* **What is expected**
Output must consist only of the lines of the material below from the one with "Quarter Sawn Sycamore" through the one with "15+ Thrifty Basket Makeovers", each reproduced exactly; no pictures belong in it.

* **Extracted entries**

►

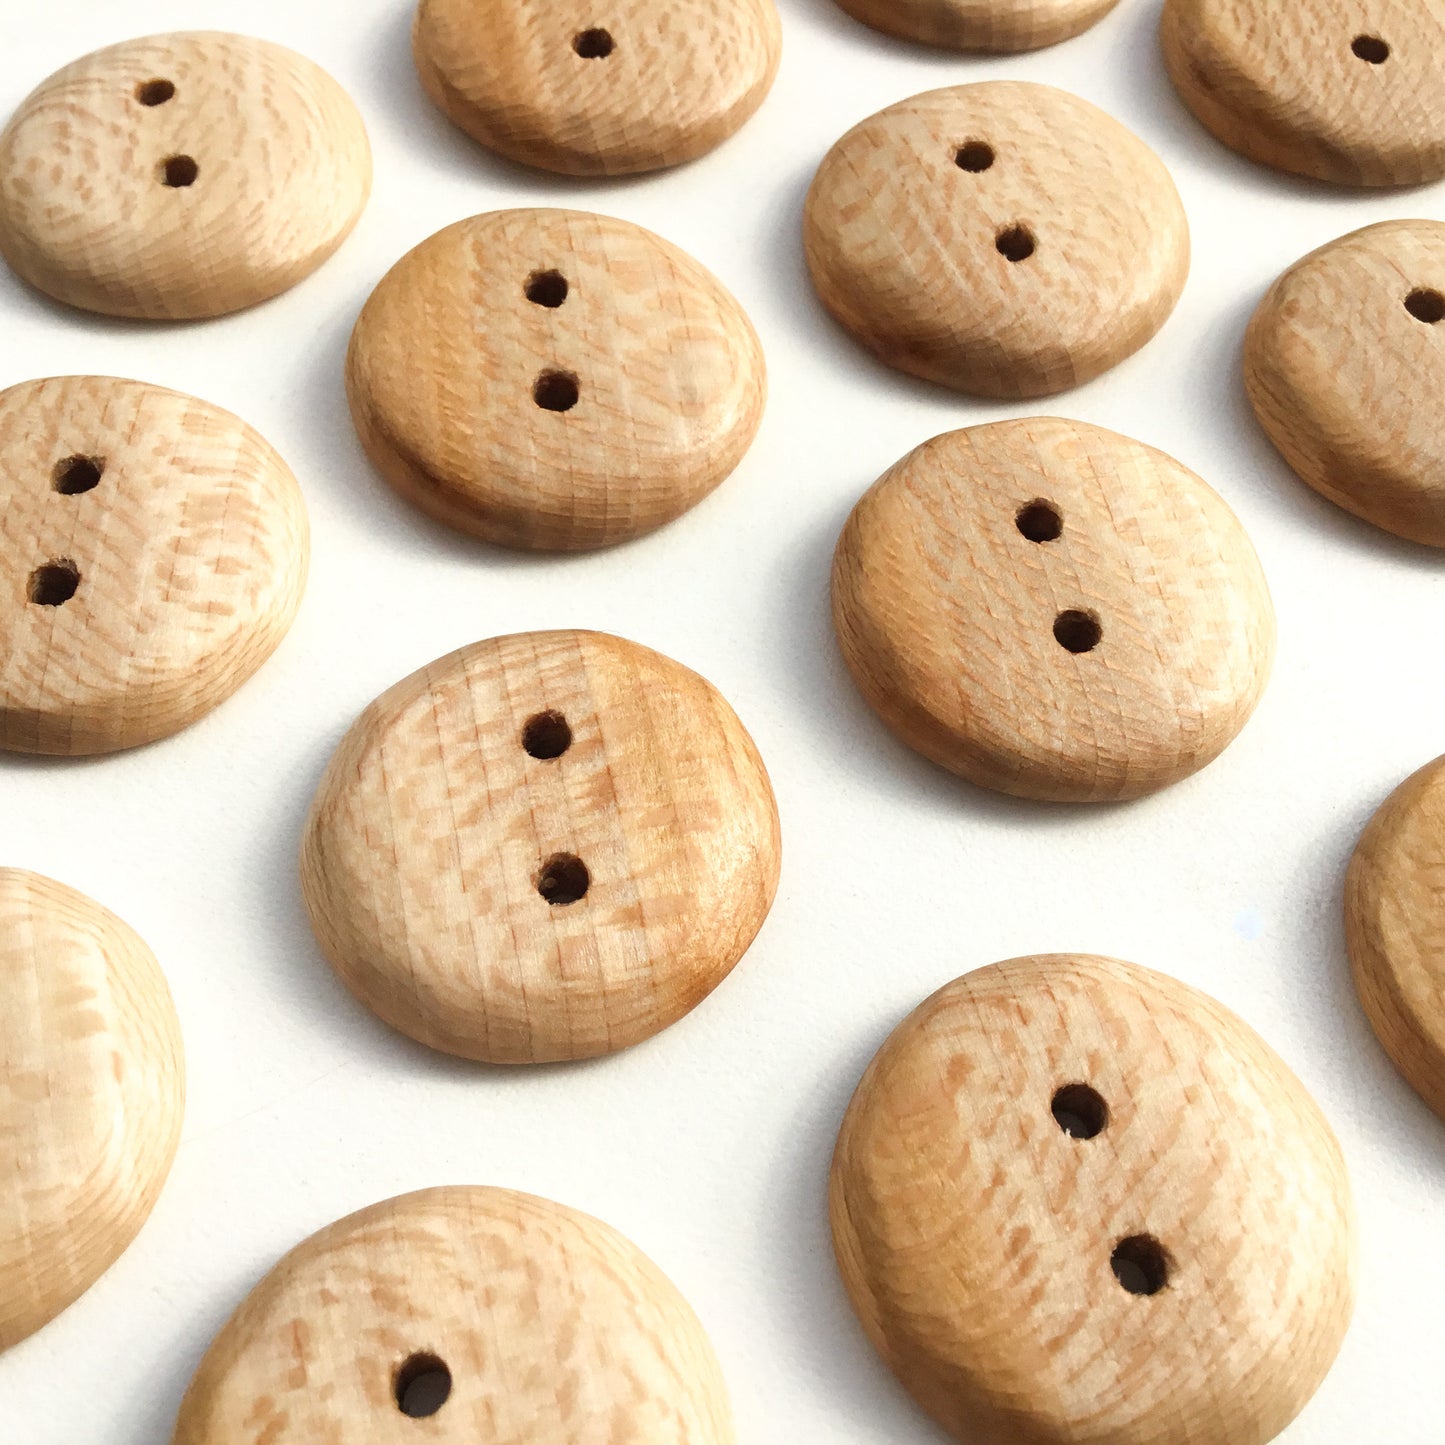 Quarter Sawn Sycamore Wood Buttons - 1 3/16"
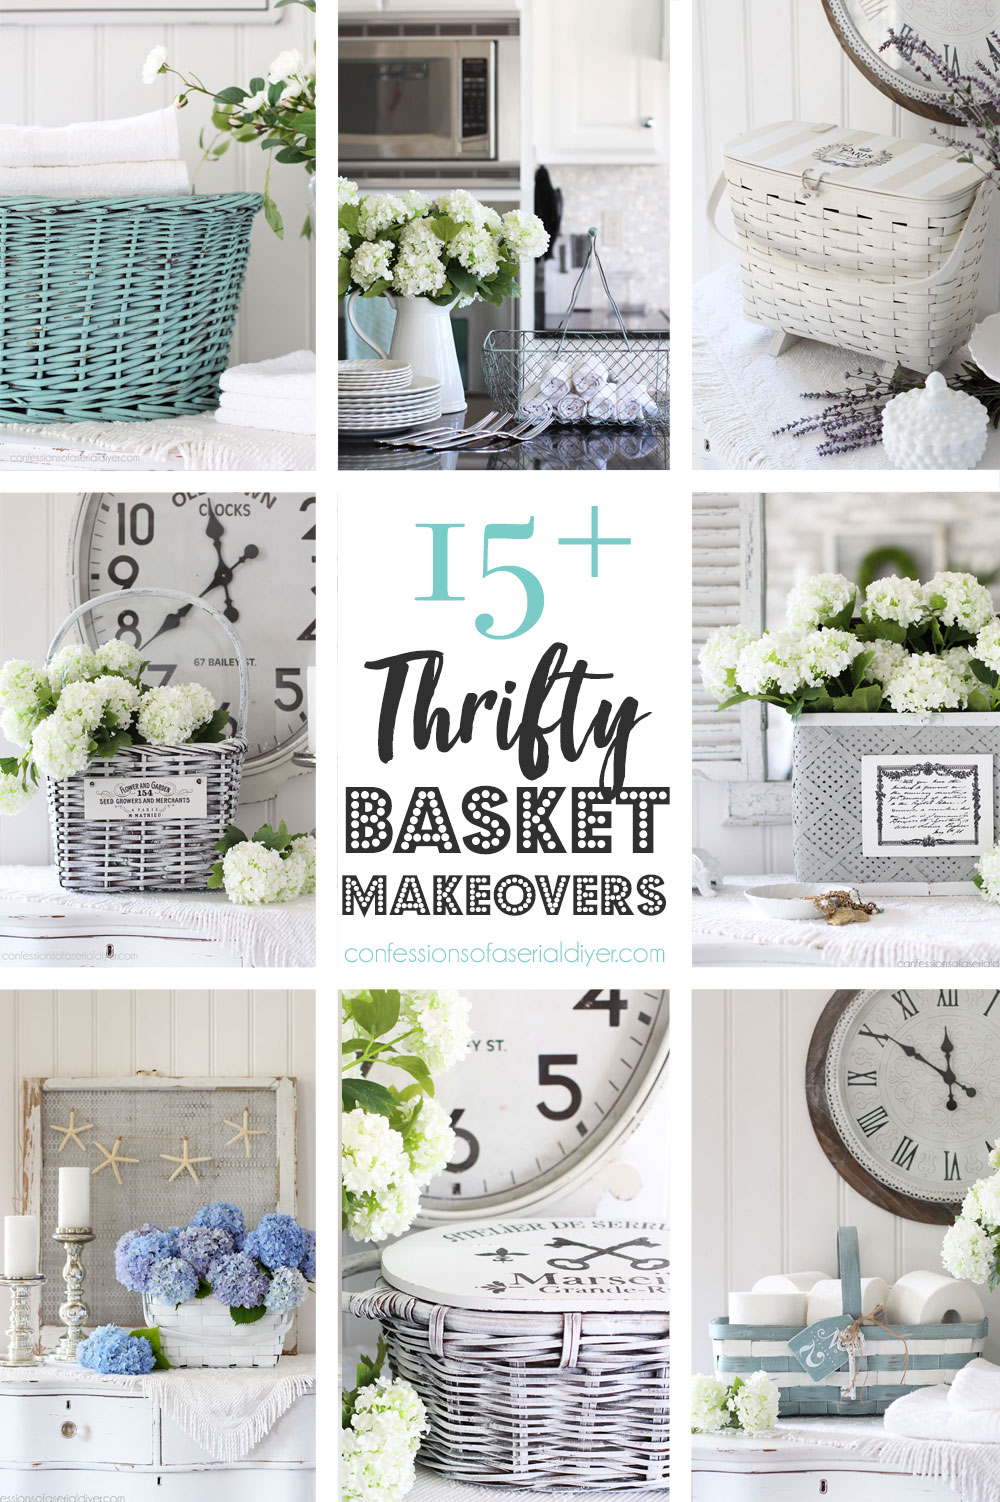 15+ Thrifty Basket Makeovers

◄
►

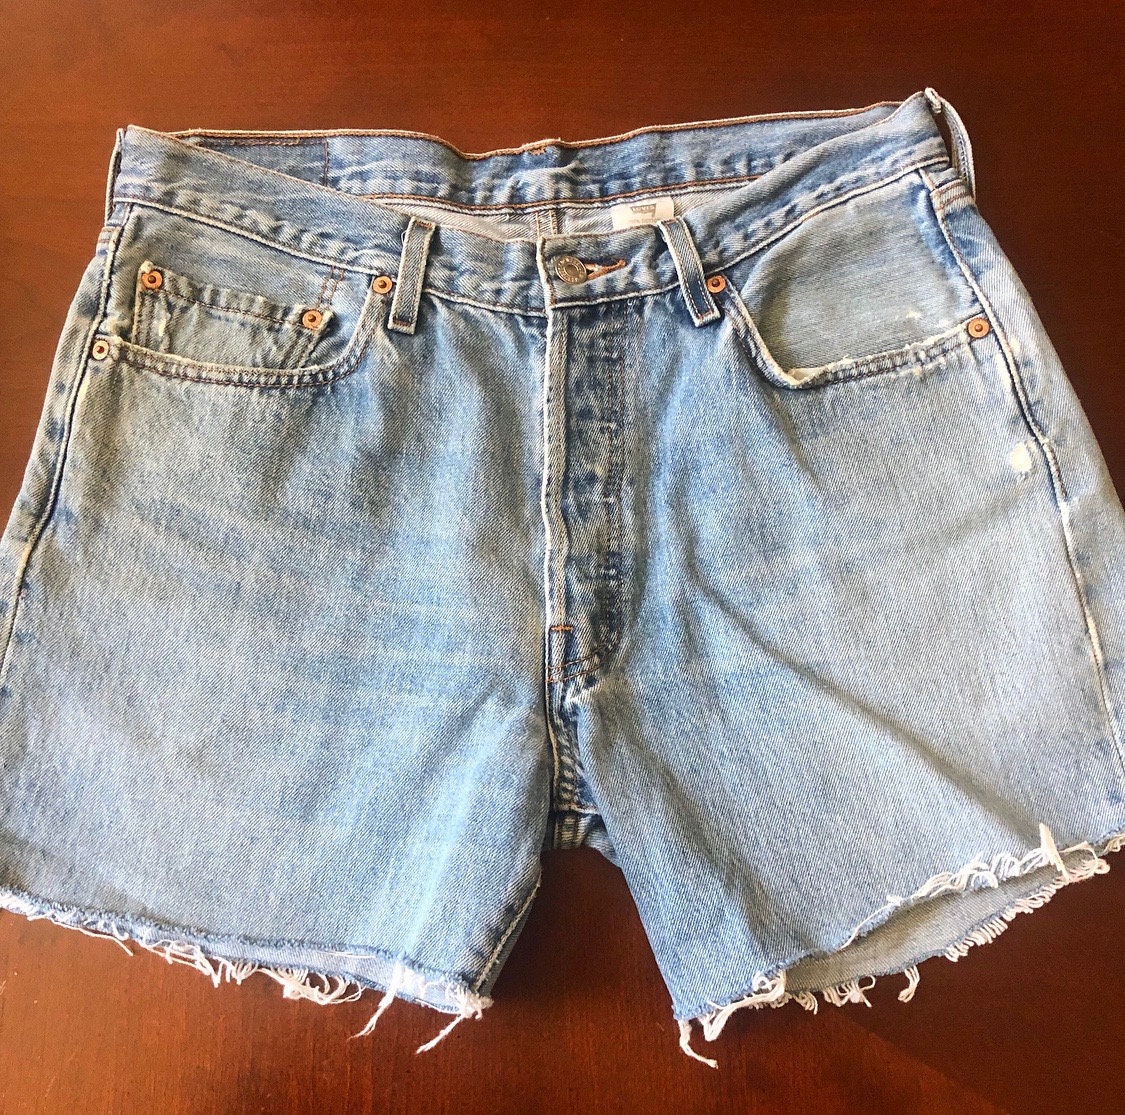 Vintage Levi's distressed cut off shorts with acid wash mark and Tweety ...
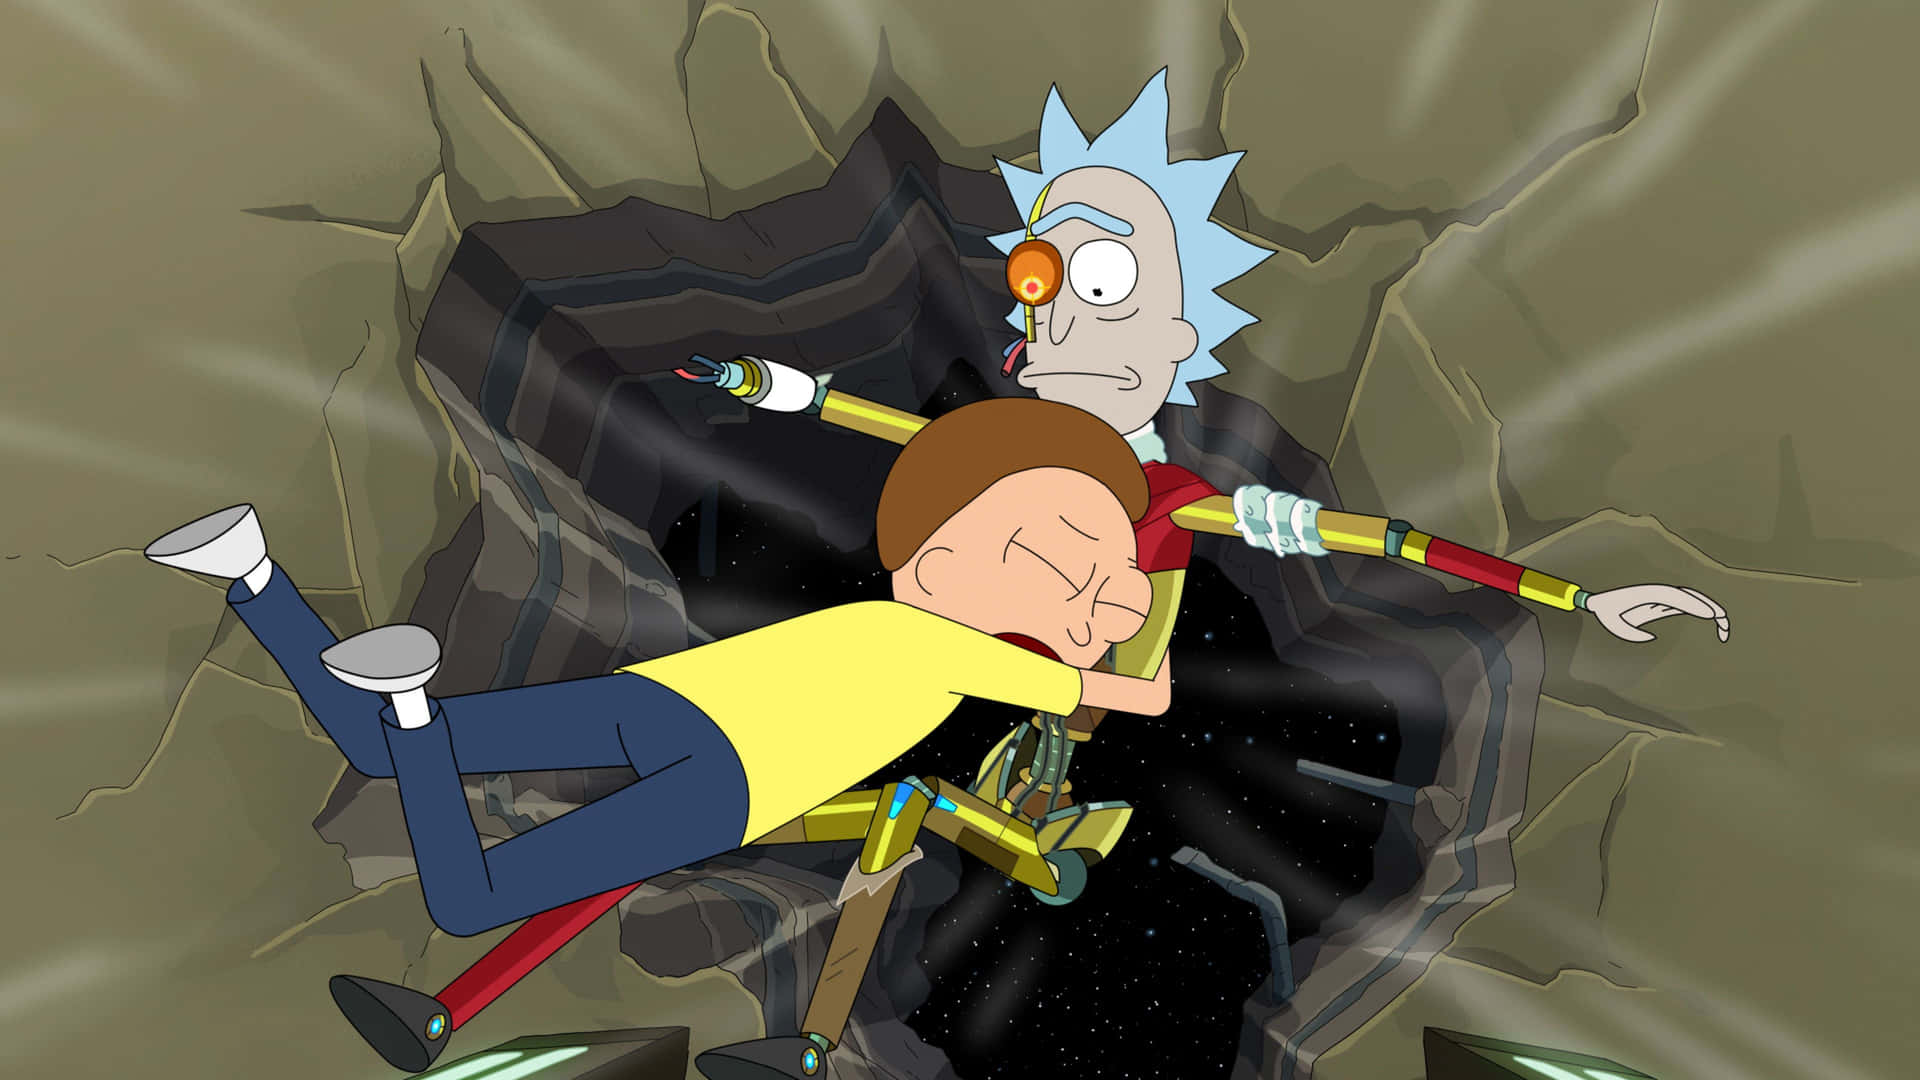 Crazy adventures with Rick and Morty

◄

* **Output**
 Quarter Sawn Sycamore Wood Buttons - 1 3/16"
 15+ Thrifty Basket Makeovers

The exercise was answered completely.